BATHROOM COUNTER GLOWJOB: A design manager in the Bay Area

Interviews

The BATHROOM COUNTER GLOWJOB interview series features submissions from regular people and how their beauty routines fit into their daily lives. If you’d like to be featured in this series, please contact me!

“My name is Nima! My preferred pronouns are he/him/his. I’m from northern Los Angeles County, and I currently live in East Bay. I work as a design manager for a nonprofit that informs policy that affects children in California. In my spare time, I like to turtle up in my room and game like a gremlin or otherwise cook. I’m also a habitual tidier and get great pleasure out of keeping my space neat and sharing the good word of Marie Kondo, author of The Life Changing Magic of Tidying Up.

I’ve started and stopped doing regular beauty routines at different points of my life for different reasons — the first time was in high school for acne. Most recently, I started a new routine that I’ve kept to for the past two years. I have inconsistent but sensitive skin. Some days, it’s excessively oily; other days, it’s very dry. My ongoing skincare often focuses on reducing redness, maintaining a healthy moisture level, and coordinating facial routines with shaving, which is an eternal struggle.

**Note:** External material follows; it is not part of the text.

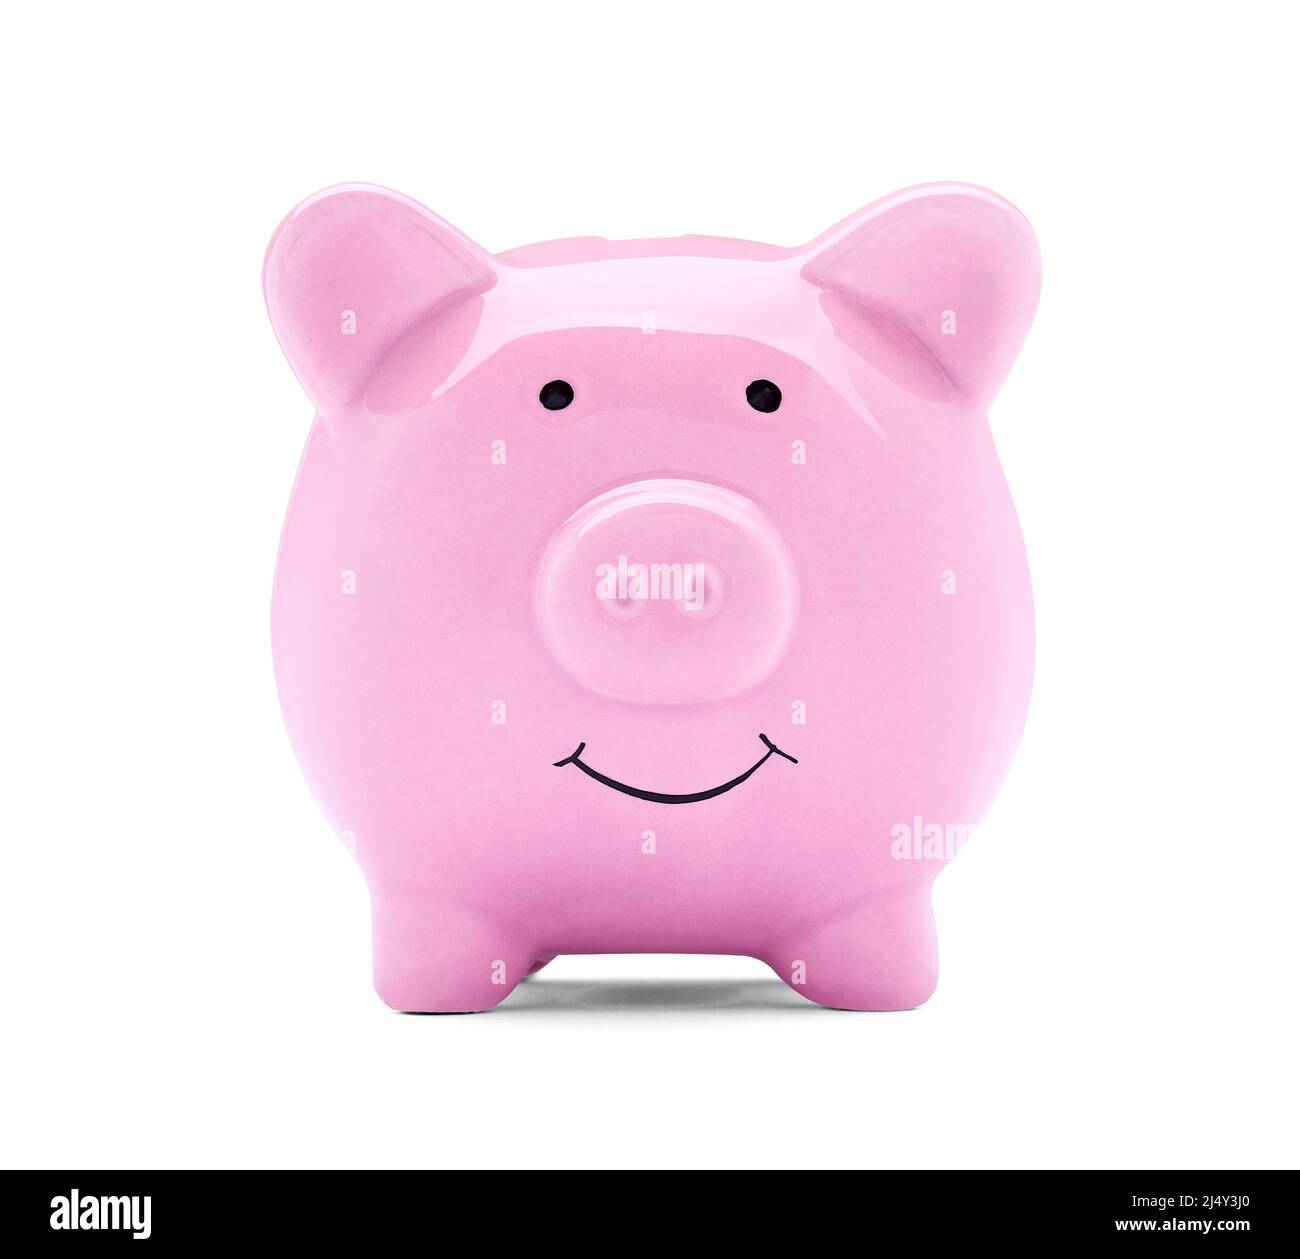 coin finance saving money piggybank business investment banking piggy bank pig recession crisis sad Stock Photo

The most valuable lesson I’ve learned while trying to take care of my skin is to only use skincare products when my skin feels like it needs them. For example, I only do my morning routine once or twice a week, when my skin feels grimy. My morning routine starts with the COSRX Low-pH Good Morning Gel Cleanser. It reduces the oiliness of my skin without making it feel totally stripped of all moisture. I’ve realized that coexisting with a little skin oil makes my skin look and feel much healthier.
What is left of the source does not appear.